Before the New York Times or the Washington Post get a hold of this, I want to issue my denials. Yes, I am linked to Jared Kushner through our mutual involvement in 666 Fifth Avenue.
Yes, I know Kushner is struggling to obtain cash for his investment at 666 Fifth, for which $1.2 billion in debt comes due in February. I know he recently got $184 million from Apollo Global Management and $325 million from Citigroup after meeting with their executives at the White House. Not to mention the 2016 meeting with Sergey Gorkov, who heads the Russian state-affiliated Vnesheconombank (VEB), or the Kushner family’s seeking financing under the EB-5 visa program, which allows foreigners to invest $500,000 in a property in exchange for U.S. visas.

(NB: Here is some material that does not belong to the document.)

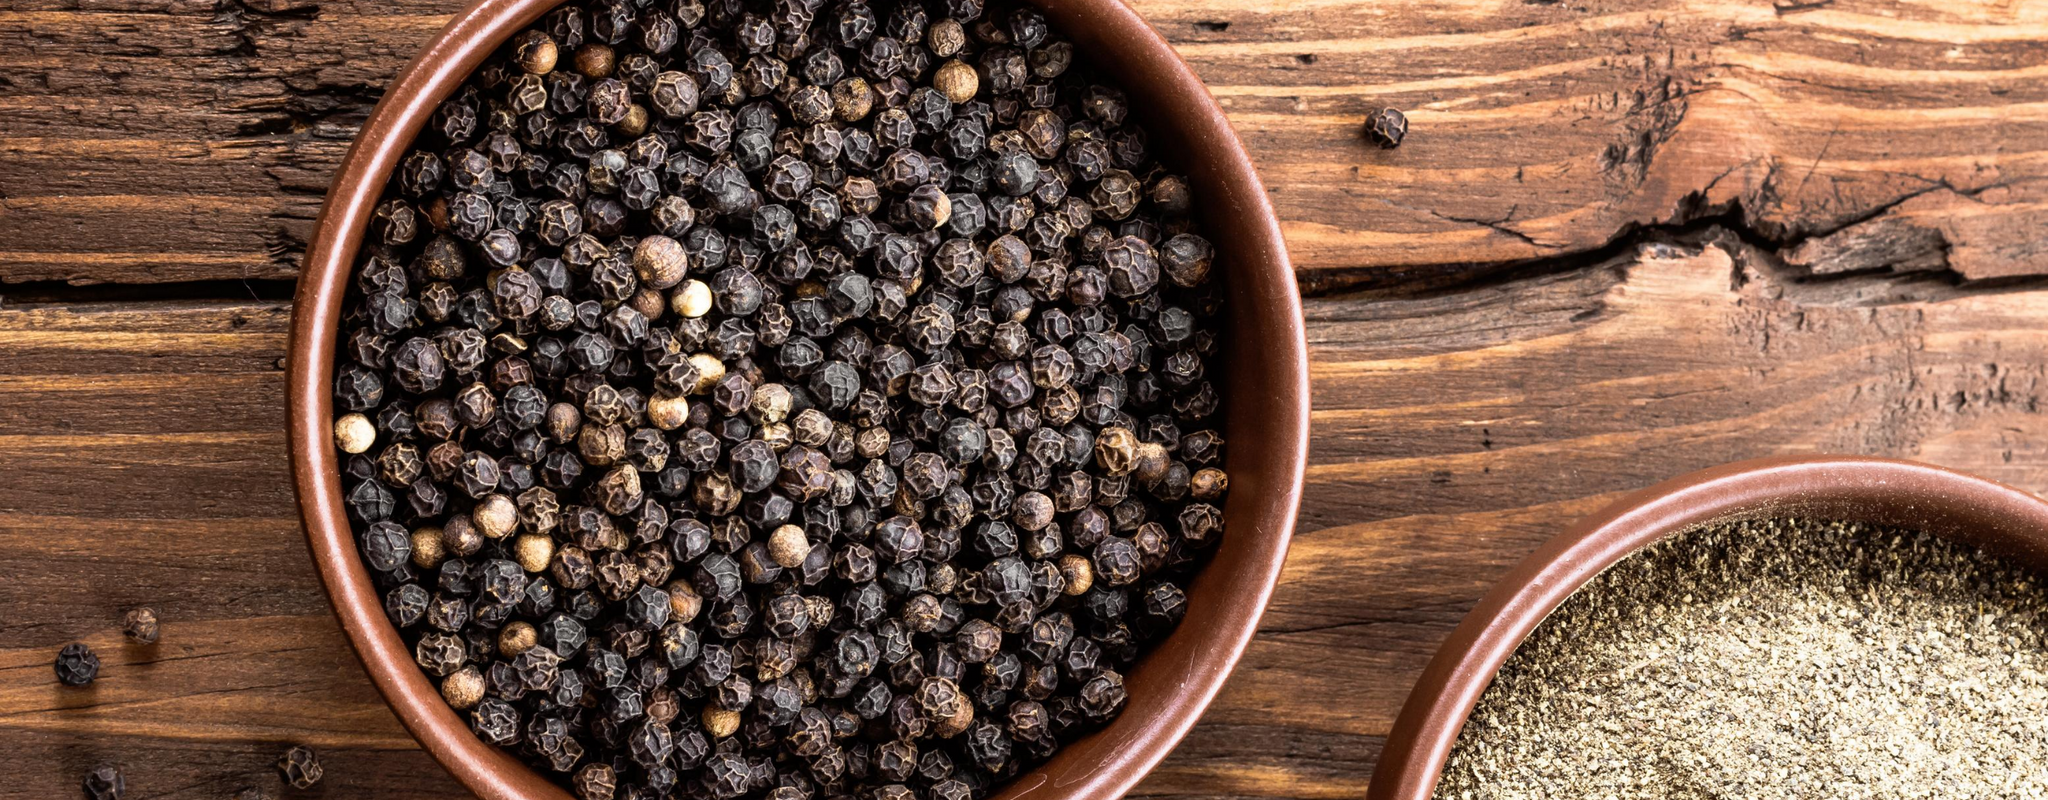 8 Benefits Of Black Pepper For A Healthy Lifestyle

But I had nothing to do with any of that. I swear. My entanglement with 666 Fifth stems solely from Stouffer’s Top of the Six’s, the 41st-floor restaurant, with what were once considered to be fabulous views. This might suggest, wrongly, that I was a player when, in 2007, the Kushner Companies paid $1.8 billion, mostly borrowed, for 666 Fifth.
No, no, no. Yes, in the early 1960s, as a boy on a spring vacation to New York City, I was taken to the Top of the Six’s by my grandmother and mother. It was made clear to me that this was a treat, a huge treat. It was the first time I’d been in a dark restaurant, with dim little lights on the tables. I ordered the prime rib, and both my grandmother and mother said, “He’ll never finish that.” But I did.

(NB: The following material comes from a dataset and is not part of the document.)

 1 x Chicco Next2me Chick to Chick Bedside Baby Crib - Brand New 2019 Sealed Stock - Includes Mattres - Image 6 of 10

And that was it. I never went back. The restaurant closed in 1996. I remember it fondly, vividly, but I was never consulted on the building’s purchase. By anyone. And $1.2 billion in debt, that’s just not me. No, not at all.
What sides and salad did you have? These are the secret codes the Mueller probe will want to delve into. Prepare yourself, or your next meal could be bread and water, tainted water, no less, at Leavenworth or possibly even Gitmo.

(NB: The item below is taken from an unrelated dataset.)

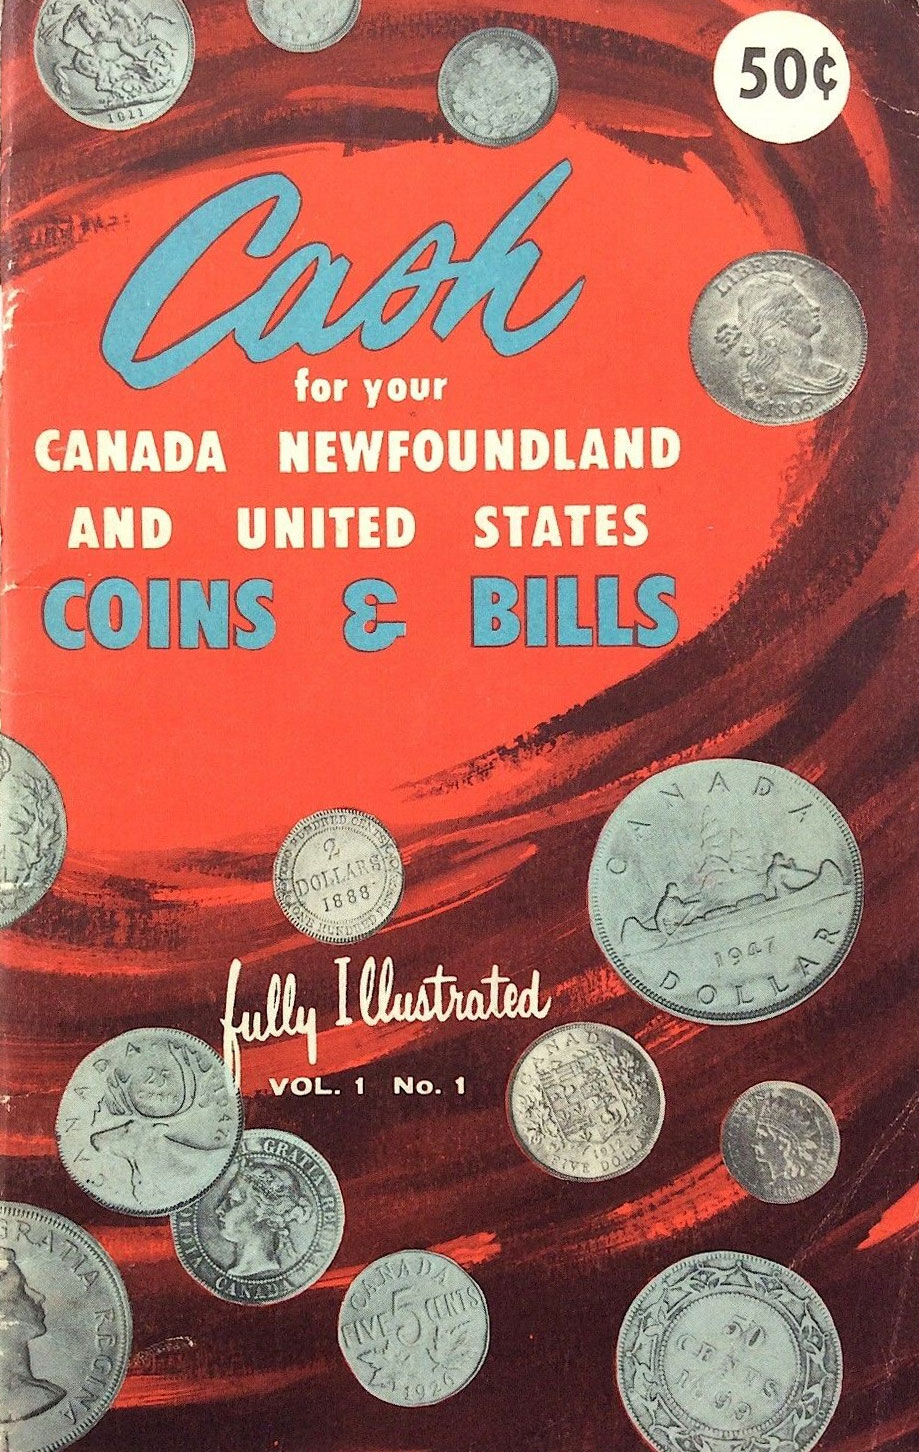 Cash for your Canada Newfoundland and United States Coins & Bills Vol. 1 No. 1

Once in awhile I am gripped by enormous nostalgia for lives past, way past. As I’m now 83 lives past are numerous. In the 1960s I dated Marian Mercer, an actress who was in Greenwillow on Broadway. I would pick Marian up after her show and we would go to the Top of the Sixes. It was a restaurant that we both loved. The food was average, the view was spectacular. The host was thrilled to get an upcoming star in the place so we always got a premium table. The tourists got an opportunity to get autographs. Marian got the feeling that she was a star and not in the chorus. I, of course, glowed with being with her. Marian is long gone, but the memory of having known her fills my heart with joy. I think we lose something when places like the Top of the Sixes go. T
Thank you so much. This was a wonderful memory.